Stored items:
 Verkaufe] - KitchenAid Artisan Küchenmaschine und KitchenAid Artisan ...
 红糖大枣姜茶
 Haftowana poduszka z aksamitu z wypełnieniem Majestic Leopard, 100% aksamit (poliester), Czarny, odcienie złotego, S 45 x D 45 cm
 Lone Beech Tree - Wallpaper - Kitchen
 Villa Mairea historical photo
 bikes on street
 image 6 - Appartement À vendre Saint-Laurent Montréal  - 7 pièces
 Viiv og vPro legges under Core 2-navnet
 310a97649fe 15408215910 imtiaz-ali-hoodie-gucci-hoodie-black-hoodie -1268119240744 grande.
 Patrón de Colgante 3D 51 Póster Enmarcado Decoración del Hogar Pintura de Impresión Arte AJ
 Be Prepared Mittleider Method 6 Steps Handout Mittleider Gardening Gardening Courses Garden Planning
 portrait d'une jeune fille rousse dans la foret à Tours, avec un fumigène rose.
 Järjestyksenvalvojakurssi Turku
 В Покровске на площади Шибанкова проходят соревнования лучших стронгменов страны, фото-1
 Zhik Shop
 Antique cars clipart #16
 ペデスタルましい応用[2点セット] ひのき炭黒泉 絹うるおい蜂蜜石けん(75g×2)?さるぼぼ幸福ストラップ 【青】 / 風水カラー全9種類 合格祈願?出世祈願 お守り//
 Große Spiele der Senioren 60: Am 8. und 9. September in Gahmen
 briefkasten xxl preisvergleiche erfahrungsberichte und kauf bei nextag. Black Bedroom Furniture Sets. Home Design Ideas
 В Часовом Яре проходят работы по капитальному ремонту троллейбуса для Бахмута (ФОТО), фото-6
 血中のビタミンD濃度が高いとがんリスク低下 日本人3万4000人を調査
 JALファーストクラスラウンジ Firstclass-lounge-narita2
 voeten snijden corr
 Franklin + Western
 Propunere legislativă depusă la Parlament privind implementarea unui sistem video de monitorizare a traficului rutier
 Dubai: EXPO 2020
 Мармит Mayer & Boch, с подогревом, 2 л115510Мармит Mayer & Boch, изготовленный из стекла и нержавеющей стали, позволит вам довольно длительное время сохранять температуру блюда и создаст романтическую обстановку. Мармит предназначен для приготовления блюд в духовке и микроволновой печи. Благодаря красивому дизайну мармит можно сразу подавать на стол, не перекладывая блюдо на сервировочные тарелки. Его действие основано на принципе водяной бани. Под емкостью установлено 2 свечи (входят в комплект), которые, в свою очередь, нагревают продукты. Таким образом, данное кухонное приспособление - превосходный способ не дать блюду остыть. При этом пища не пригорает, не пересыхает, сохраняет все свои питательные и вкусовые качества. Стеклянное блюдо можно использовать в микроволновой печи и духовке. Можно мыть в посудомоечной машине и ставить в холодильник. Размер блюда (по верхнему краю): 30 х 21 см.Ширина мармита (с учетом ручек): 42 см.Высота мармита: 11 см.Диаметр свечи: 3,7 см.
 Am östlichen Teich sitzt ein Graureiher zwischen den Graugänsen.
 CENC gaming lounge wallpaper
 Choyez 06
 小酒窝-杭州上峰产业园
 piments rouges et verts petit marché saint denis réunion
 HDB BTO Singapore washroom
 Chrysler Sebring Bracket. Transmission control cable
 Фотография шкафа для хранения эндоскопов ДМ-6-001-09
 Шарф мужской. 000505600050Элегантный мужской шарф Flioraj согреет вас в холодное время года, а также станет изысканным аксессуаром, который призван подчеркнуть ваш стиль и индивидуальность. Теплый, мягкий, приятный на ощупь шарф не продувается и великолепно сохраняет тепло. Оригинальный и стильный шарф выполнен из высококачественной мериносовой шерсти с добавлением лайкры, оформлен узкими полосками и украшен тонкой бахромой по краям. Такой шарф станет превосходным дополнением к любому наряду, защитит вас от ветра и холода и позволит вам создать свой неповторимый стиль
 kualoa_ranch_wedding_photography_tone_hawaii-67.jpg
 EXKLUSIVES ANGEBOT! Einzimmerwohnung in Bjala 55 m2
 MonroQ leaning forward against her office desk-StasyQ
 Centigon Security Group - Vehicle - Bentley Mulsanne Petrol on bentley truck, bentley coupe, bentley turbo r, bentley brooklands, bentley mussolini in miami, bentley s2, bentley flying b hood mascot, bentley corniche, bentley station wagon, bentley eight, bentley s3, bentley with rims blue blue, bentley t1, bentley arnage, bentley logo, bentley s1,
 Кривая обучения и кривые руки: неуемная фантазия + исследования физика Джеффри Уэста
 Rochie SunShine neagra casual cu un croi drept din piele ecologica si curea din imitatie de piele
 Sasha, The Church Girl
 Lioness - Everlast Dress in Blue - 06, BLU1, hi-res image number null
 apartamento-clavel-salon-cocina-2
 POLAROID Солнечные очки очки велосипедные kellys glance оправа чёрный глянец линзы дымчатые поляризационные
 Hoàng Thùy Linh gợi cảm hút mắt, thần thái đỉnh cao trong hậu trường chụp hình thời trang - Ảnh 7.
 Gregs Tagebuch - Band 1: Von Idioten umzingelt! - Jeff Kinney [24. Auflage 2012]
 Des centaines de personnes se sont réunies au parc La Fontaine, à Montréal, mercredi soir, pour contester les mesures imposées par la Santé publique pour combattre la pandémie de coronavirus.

— Brief —
Return all lines above that mention the word "проходят".

— Solution —
 В Покровске на площади Шибанкова проходят соревнования лучших стронгменов страны, фото-1
 В Часовом Яре проходят работы по капитальному ремонту троллейбуса для Бахмута (ФОТО), фото-6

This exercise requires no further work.